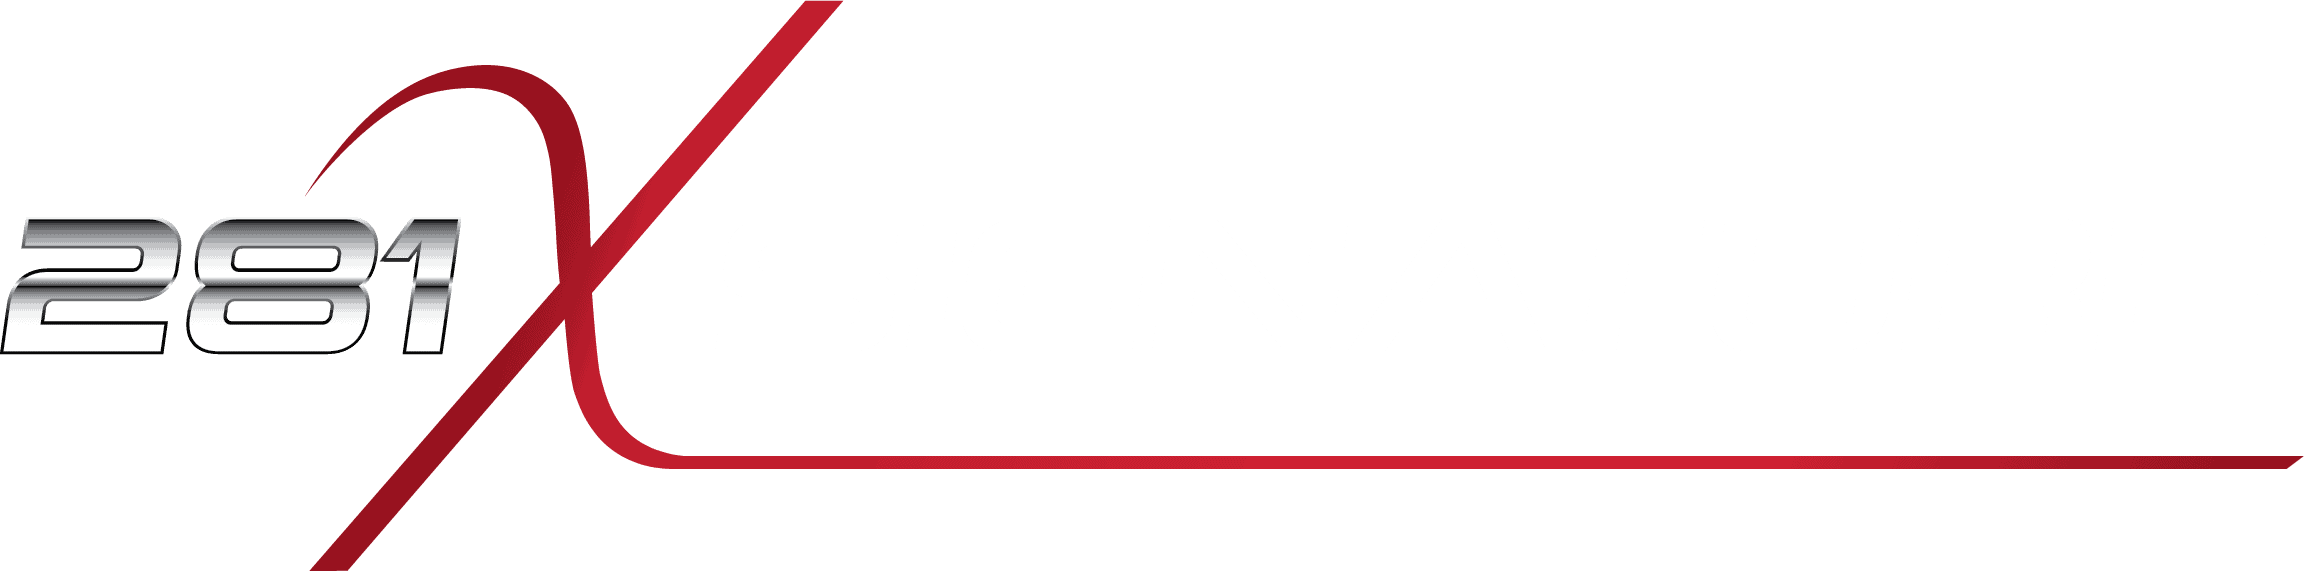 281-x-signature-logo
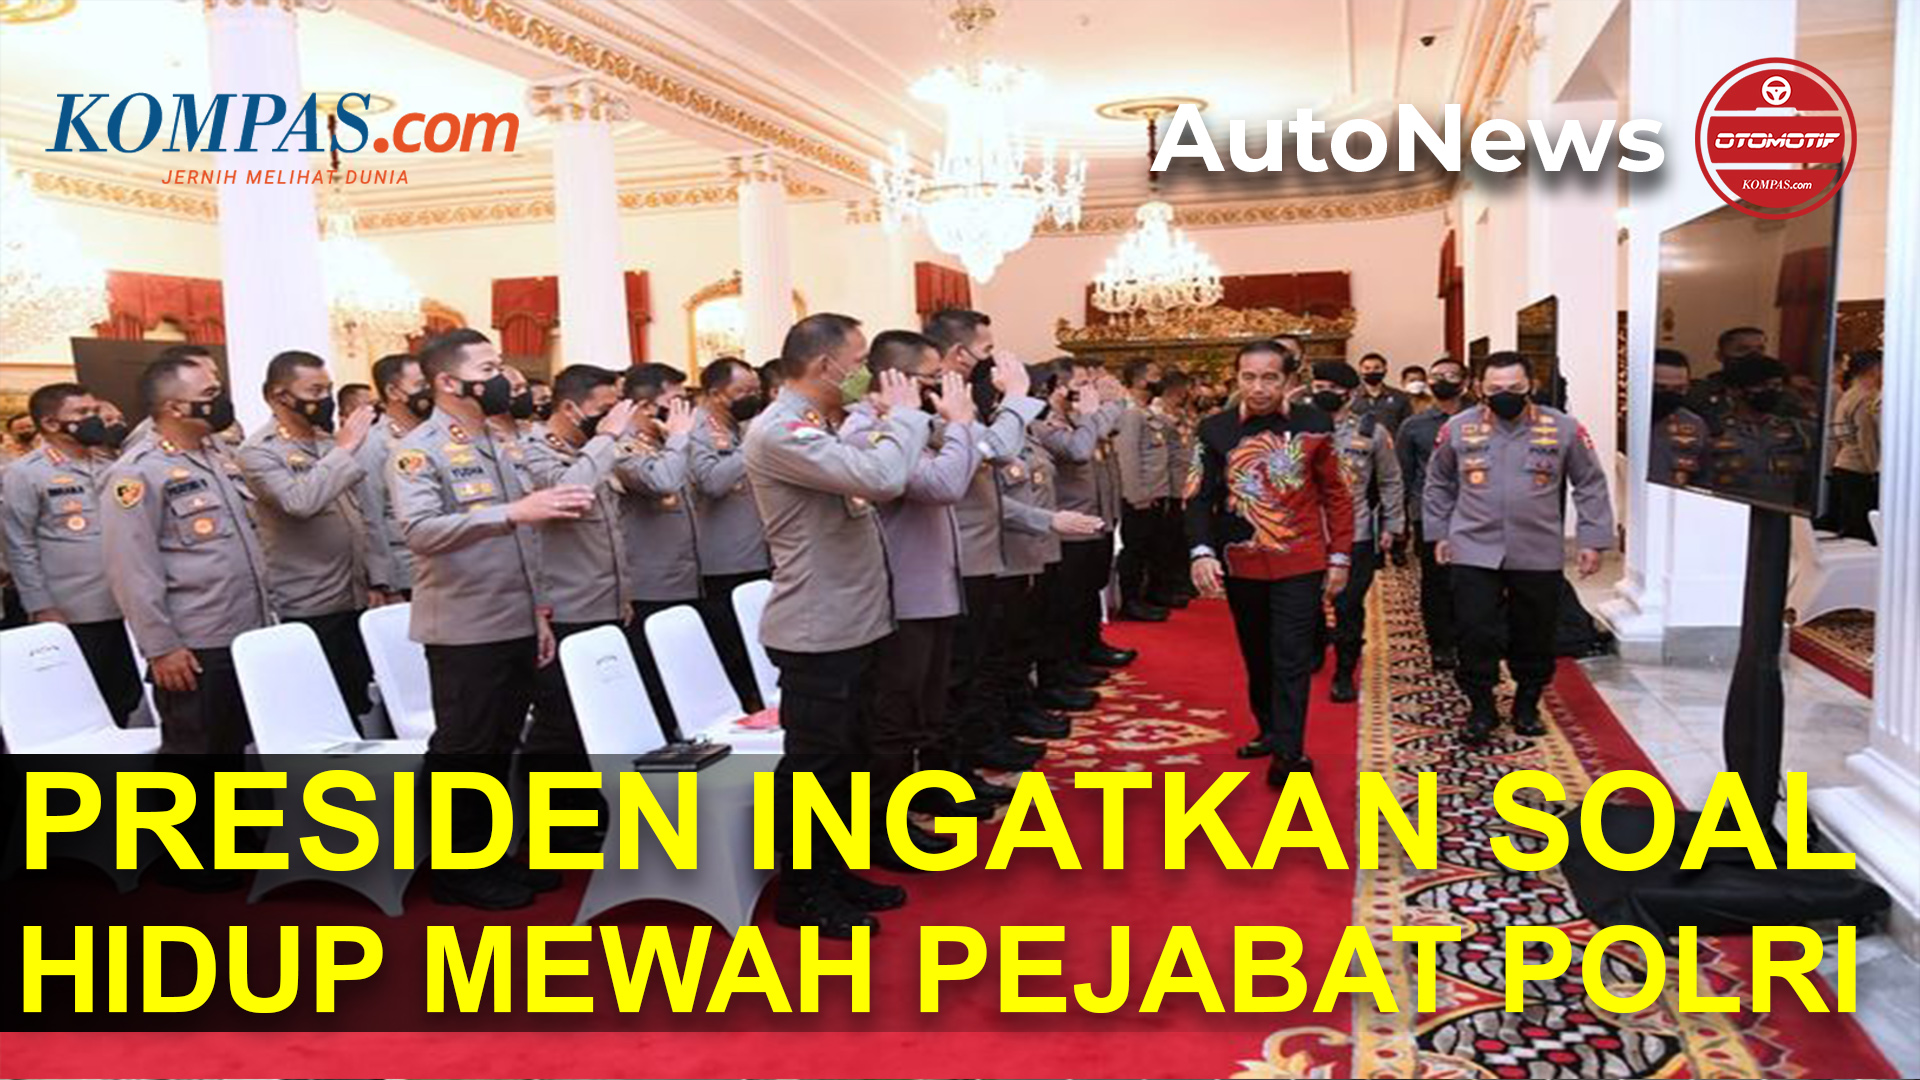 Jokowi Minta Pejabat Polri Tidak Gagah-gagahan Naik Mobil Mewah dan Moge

--

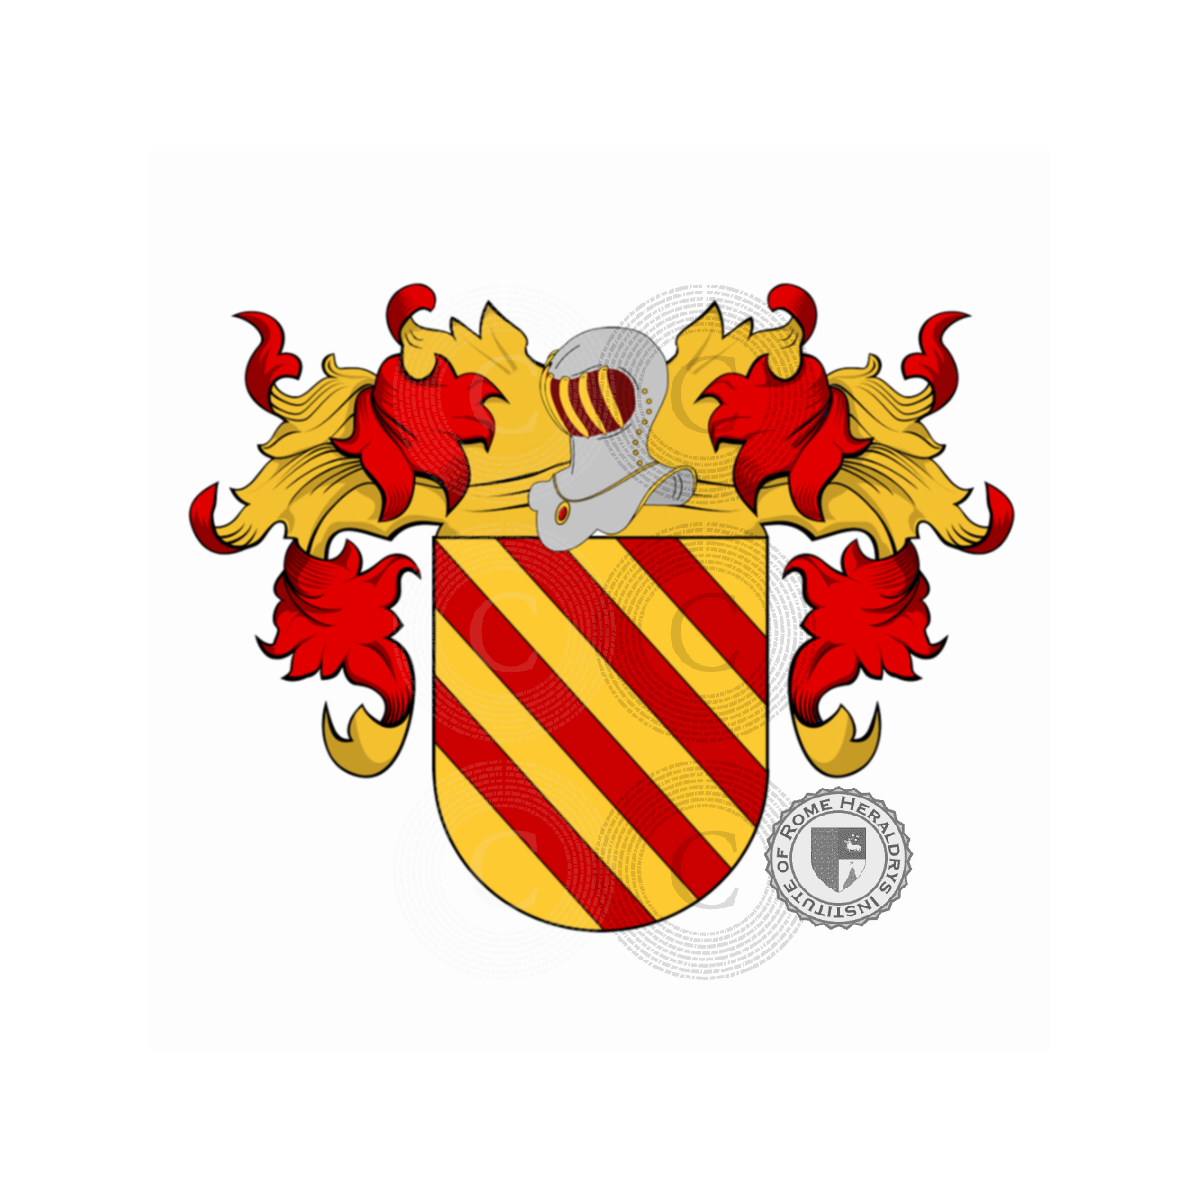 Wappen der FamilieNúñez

* * *

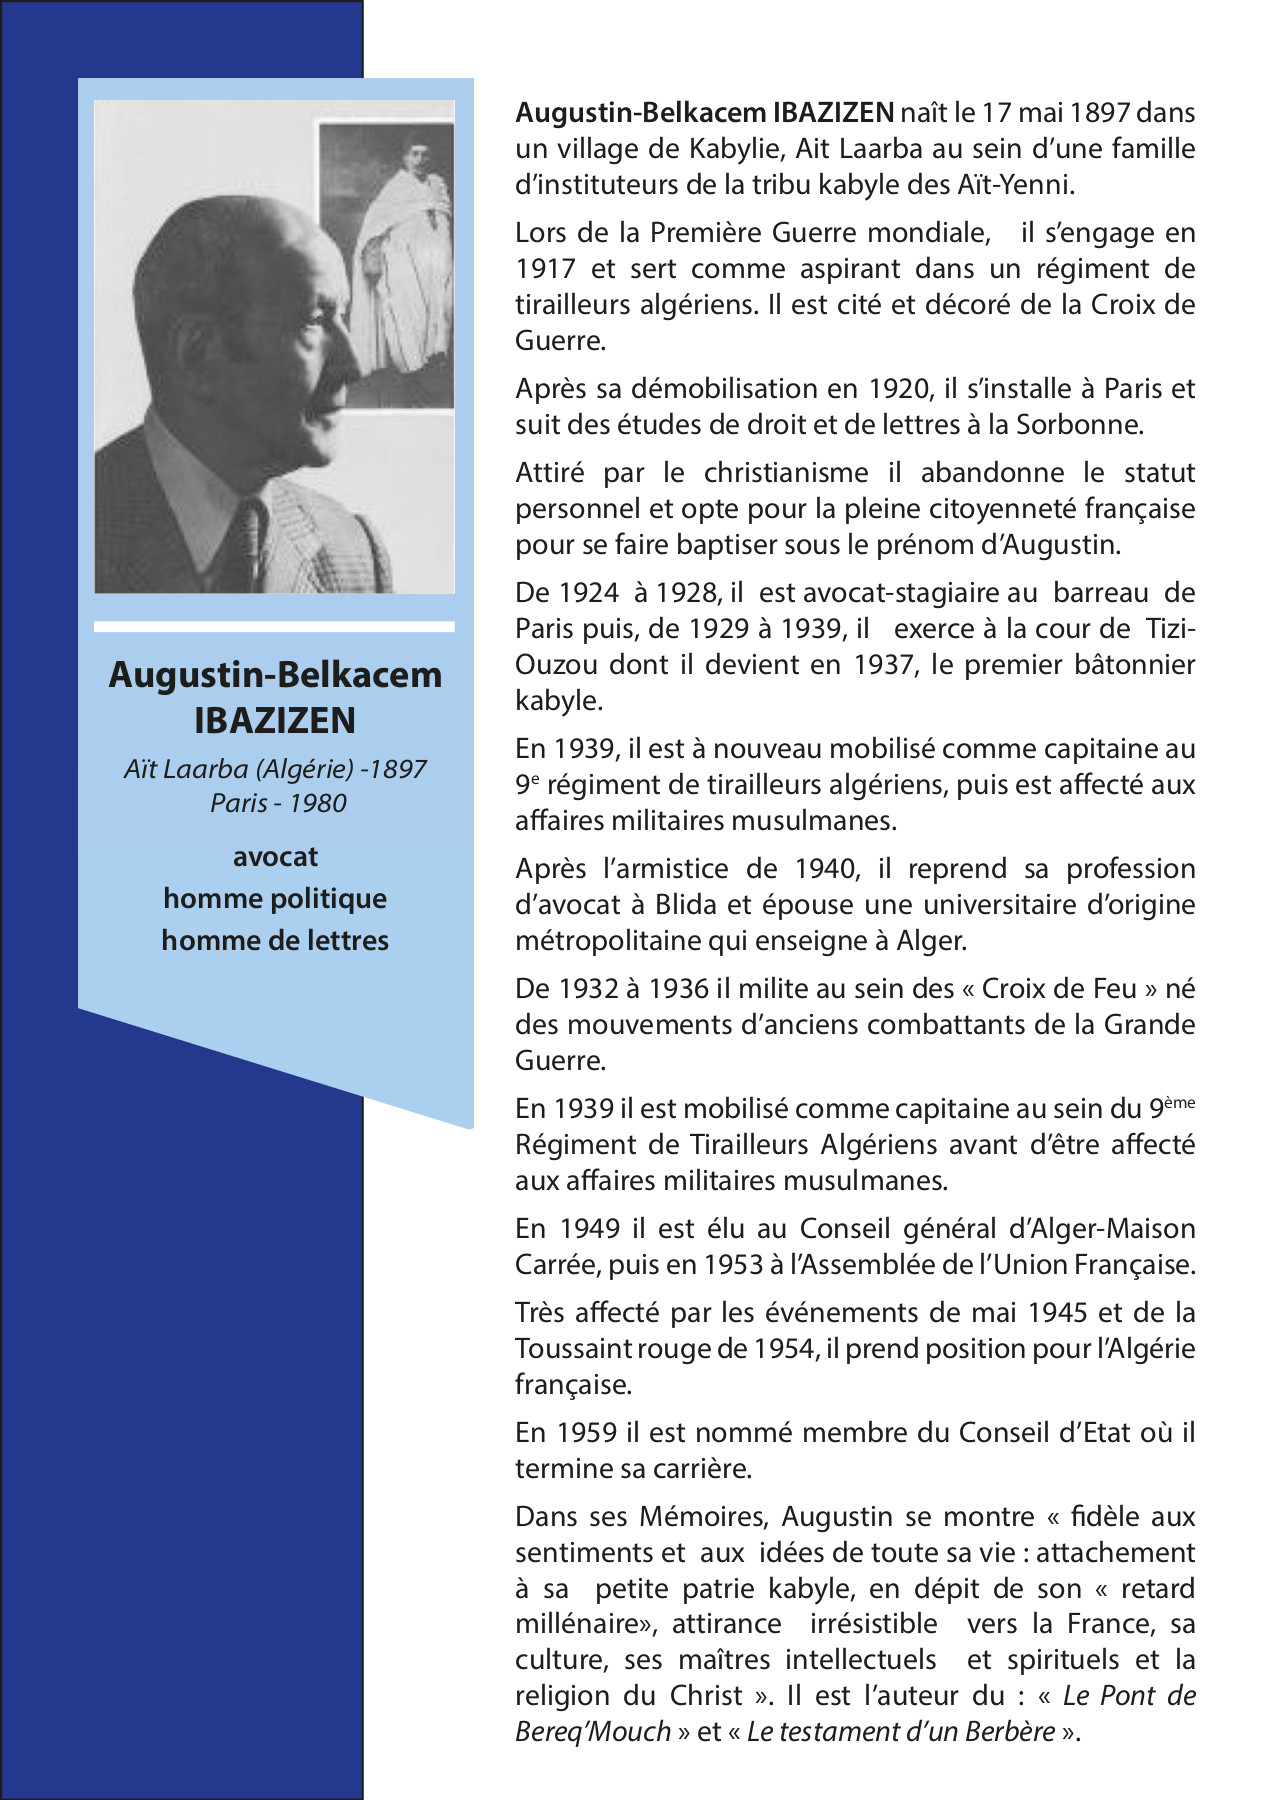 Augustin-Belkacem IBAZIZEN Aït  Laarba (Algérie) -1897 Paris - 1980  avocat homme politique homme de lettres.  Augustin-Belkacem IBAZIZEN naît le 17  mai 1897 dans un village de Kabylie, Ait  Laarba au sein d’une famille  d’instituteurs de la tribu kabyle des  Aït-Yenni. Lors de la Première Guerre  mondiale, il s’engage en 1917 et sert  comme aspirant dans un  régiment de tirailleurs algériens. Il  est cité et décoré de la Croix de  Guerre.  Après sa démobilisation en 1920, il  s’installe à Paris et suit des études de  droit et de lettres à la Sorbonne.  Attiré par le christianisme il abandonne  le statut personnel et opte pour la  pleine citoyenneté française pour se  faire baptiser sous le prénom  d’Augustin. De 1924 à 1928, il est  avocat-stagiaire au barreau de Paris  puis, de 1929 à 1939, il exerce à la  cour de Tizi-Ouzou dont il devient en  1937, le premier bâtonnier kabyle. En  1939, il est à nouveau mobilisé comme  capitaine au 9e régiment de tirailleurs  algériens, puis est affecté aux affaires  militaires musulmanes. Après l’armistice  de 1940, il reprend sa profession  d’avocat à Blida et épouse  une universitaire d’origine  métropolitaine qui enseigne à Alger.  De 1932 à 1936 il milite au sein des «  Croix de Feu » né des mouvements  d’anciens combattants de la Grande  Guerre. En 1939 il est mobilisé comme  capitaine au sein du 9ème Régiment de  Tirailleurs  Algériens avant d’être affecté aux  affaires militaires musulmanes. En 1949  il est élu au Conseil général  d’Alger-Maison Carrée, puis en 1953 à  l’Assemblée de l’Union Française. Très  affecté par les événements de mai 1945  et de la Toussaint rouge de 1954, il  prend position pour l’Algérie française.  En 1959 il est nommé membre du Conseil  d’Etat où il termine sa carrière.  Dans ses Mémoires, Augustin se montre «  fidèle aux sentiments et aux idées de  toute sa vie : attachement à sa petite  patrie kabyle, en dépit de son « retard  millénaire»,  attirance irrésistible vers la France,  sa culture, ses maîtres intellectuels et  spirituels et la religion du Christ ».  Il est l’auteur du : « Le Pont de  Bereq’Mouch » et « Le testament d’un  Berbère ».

- _About this exercise_
In the entries above, find the line that contains "281-x-signature-logo" and the line that contains "Jokowi Minta Pejabat". Reproduce exactly those two lines and every line between them, but not the pictures.

- _Expected answer_
 281-x-signature-logo
 Jokowi Minta Pejabat Polri Tidak Gagah-gagahan Naik Mobil Mewah dan Moge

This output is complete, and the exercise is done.